Over the past decades, microfluidic devices have attracted wide scientific attentions and been widely used in fields such as biological and chemical detections, drug delivery, and micromixing [1,2,3,4]. For the microscale flow, surface charge generated at the solid wall-ionic liquid interface is a significant interfacial property to affect the microscale fluid flow [5,6,7,8,9,10]. This is because the surface charge at the solid–liquid interface can redistribute the charged ions in the ionic liquid and forms the electrical double layer (EDL) with local net charge density [5,6,7,8,9,10]. However, because of the characteristic length of the EDL known as Debye length is small and has the typical values from several nanometers to one micrometer [6,7,8], thus the effect of EDL on the macroscale flow is usually neglectable and it can only produce obvious effect on the micro/nanoscale fluid flow. When an external electric field is applied on the ionic liquid with EDL within a microchannel, the liquid will be driven by the electric field and form the electroosmotic flow (EOF) [10,11,12,13,14,15,16], which is a typical fluidic transport phenomenon over the microscale. EOF has many advantages such as no mechanical parts, easy to design, and high level of flow control, thus, it has wide applications. For example, electroosmotic micromixing can effectively enhance the micromixing process [17,18]. Electroosmotic pump is a promising device to generate pulsate free, pluglike, and high-pressure flow for microscale fluid delivery [19,20]. To understand the EOF in microfluidics, numerous studies have been performed to analyze its transport process in microchannels. For example, Herr et al. [14] analytically and experimentally studied the EOF in cylindrical capillaries with non-uniform surface charge distributions. Xuan and Li [15] studied both direct current and alternating current EOF in microchannels with arbitrary cross-sectional geometry and arbitrary distribution of wall charge. Shamloo et al. [17] numerically studied the heat transfer performance of mixed electroosmotic and pressure-driven flow in straight microchannels with asymmetrical and symmetrical surface charge distributions.
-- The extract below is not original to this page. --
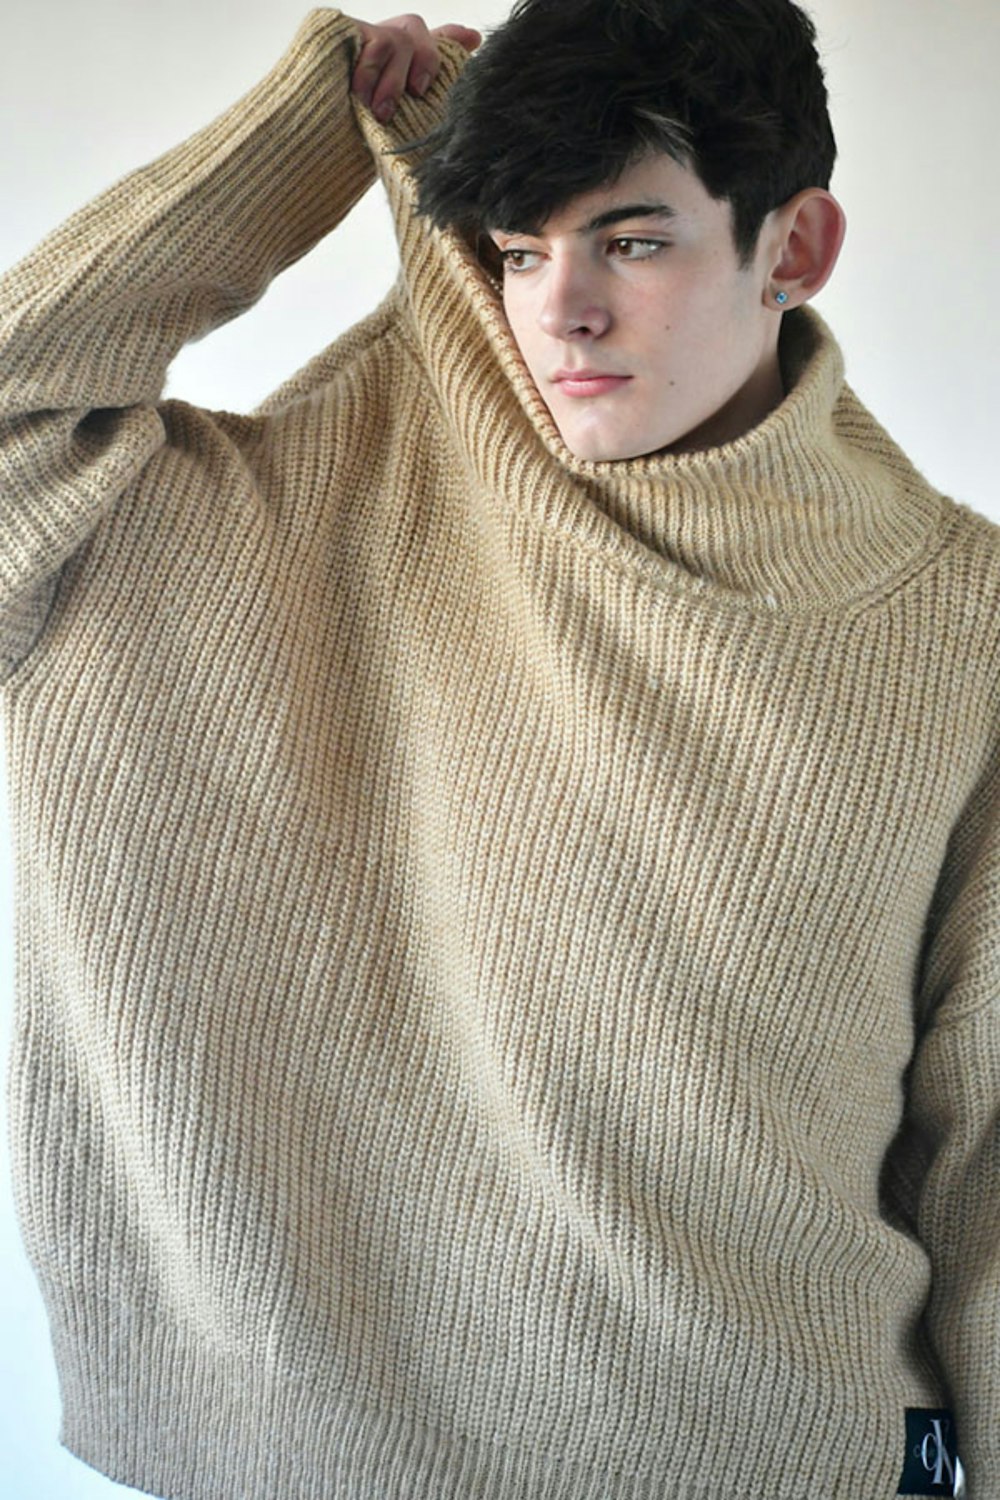 タートルネックのセーターを着た若い男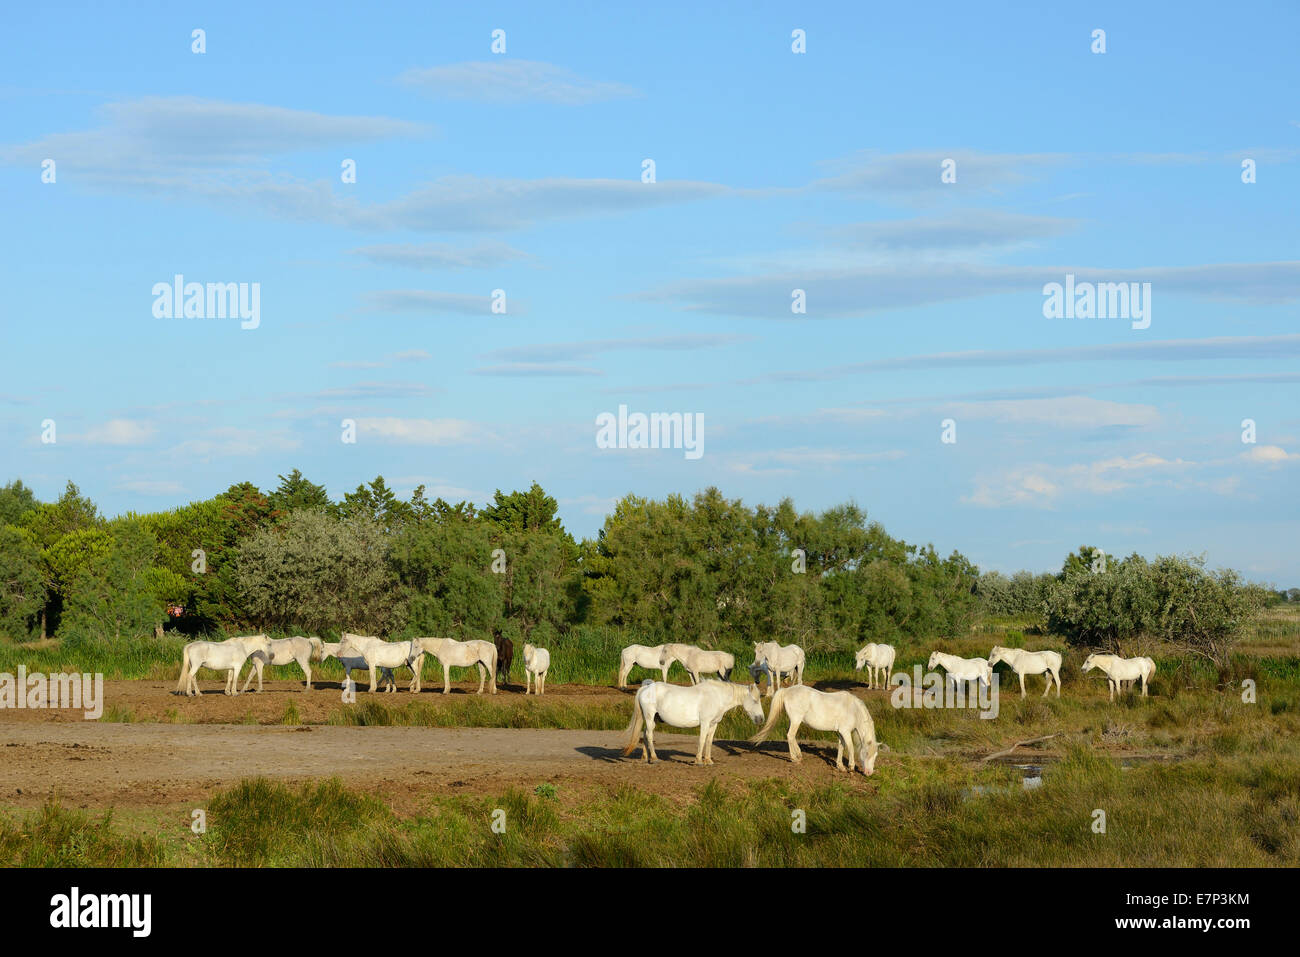 Europa, Frankreich, Languedoc - Roussillon, Camargue, weißes Pferd, Grauschimmel, Tier, Pferde, Herde Stockfoto

To achieve microfluidic applications like drug delivery, biological and chemical detections, micromixing and particle separation, the actual microfluidic devices is usually with complicated microchannel layout. Fractal treelike microchannel network inspired by the treelike bifurcation in nature has become a commonly used channel layout with good transport performance for microfluidic applications [21,22]. However, because of the small dimensions of the microchannel, the mass transport efficiency within the treelike microchannel network is low, thus, how to improve the fluidic transport efficiency within the microfluidic network by optimization design is important. Actually, for laminar flow, turbulent flow, convective heat transfer and heat conduction, the structural and dimensional parameters of the fractal treelike microchannel network has been optimized to improve the corresponding transport efficiency [23,24,25,26,27,28,29,30]. For the EOF, although the dimension optimization of the treelike circular microchannel network under constant total channel volume has been performed to reach maximum mass transfer efficiency [31], however, the optimization of the treelike microchannel network with rectangular cross-sectional shape for EOF to reach maximum mass transfer efficiency is still needed, because the rectangular microchannel system has much wider applications in microfluidic devices considering the limitation of manufacturing techniques.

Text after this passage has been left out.